Upon the adoption and approval of the annual budget by a majority of the members entitled to vote as established by the articles of incorporation and bylaws of the corporation and by rules validly adopted by resolution of the governing board of the corporation, at a regular meeting or adjournment thereof, or upon the approval of a special assessment under par. (e)
, the governing board of the corporation may levy an assessment not in excess of 8 mills on each dollar of assessed valuation, to be known as a maintenance assessment, against all of the lots, the ownership of which entitles the owner thereof to the use and enjoyment of the properties controlled by the corporation, but the limitation of 8 mills on each dollar of assessed valuation shall not apply in any case in which the property owners or their predecessors in title have, by written contract, or by the terms of their deeds of conveyance, assumed and agreed to pay the costs of maintaining those properties in which the owners have common rights of usage and enjoyment.

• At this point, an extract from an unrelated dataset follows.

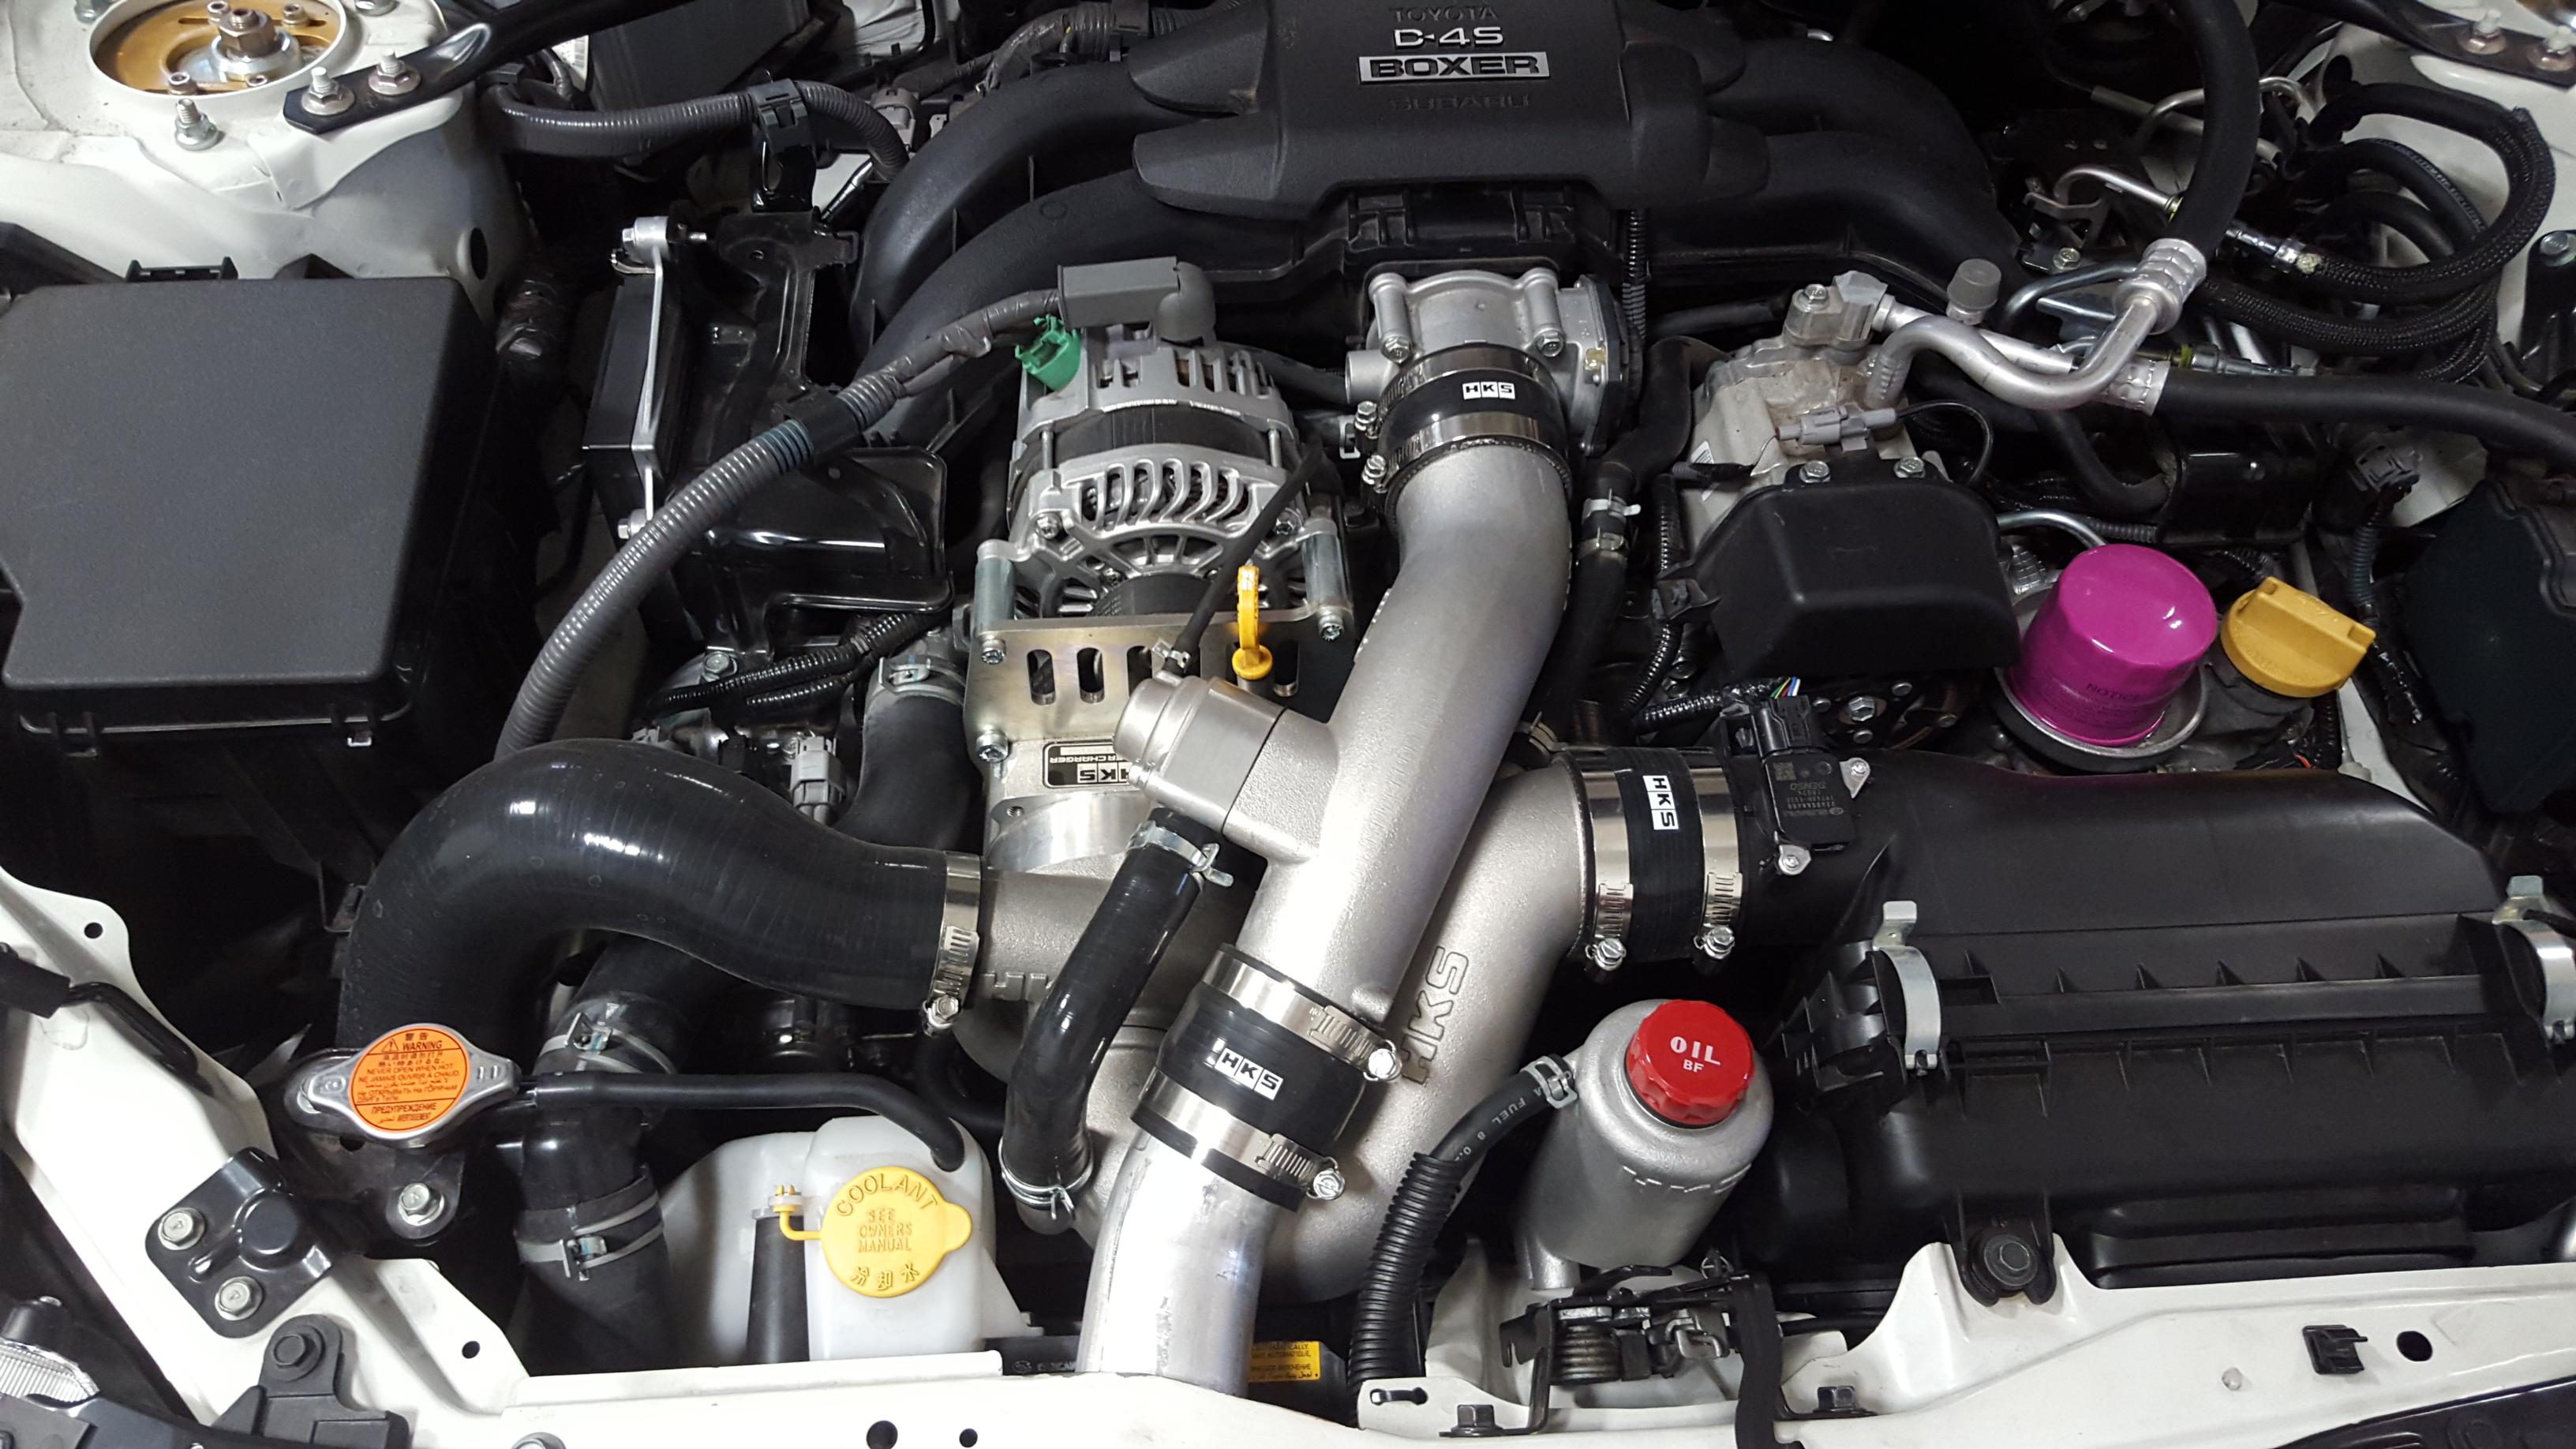 Evasive Motorsports Ph 6263363400 Mon Fri 9am 6pm Pst Hks Gt Subaru Impreza Wrx Intake Amp Exhaust Diagram The Official Blog Of Supercharger System Pro Ecu Package Version 3 Scion Frs Brz

The assessment levied under this section shall be equal in amount against each parcel of contiguous lots under common ownership and with one dwelling house in a parcel, with the assessment prorated among the lots in the parcel, or equal in rate against the assessed value of each lot or equal in amount against each lot, at the option of the governing board as it directs each year, except as provided in pars. (c)
, and shall be levied at the same time once in each year upon all lots. Assessed value shall include the value of the land comprising the lot and the improvements thereon.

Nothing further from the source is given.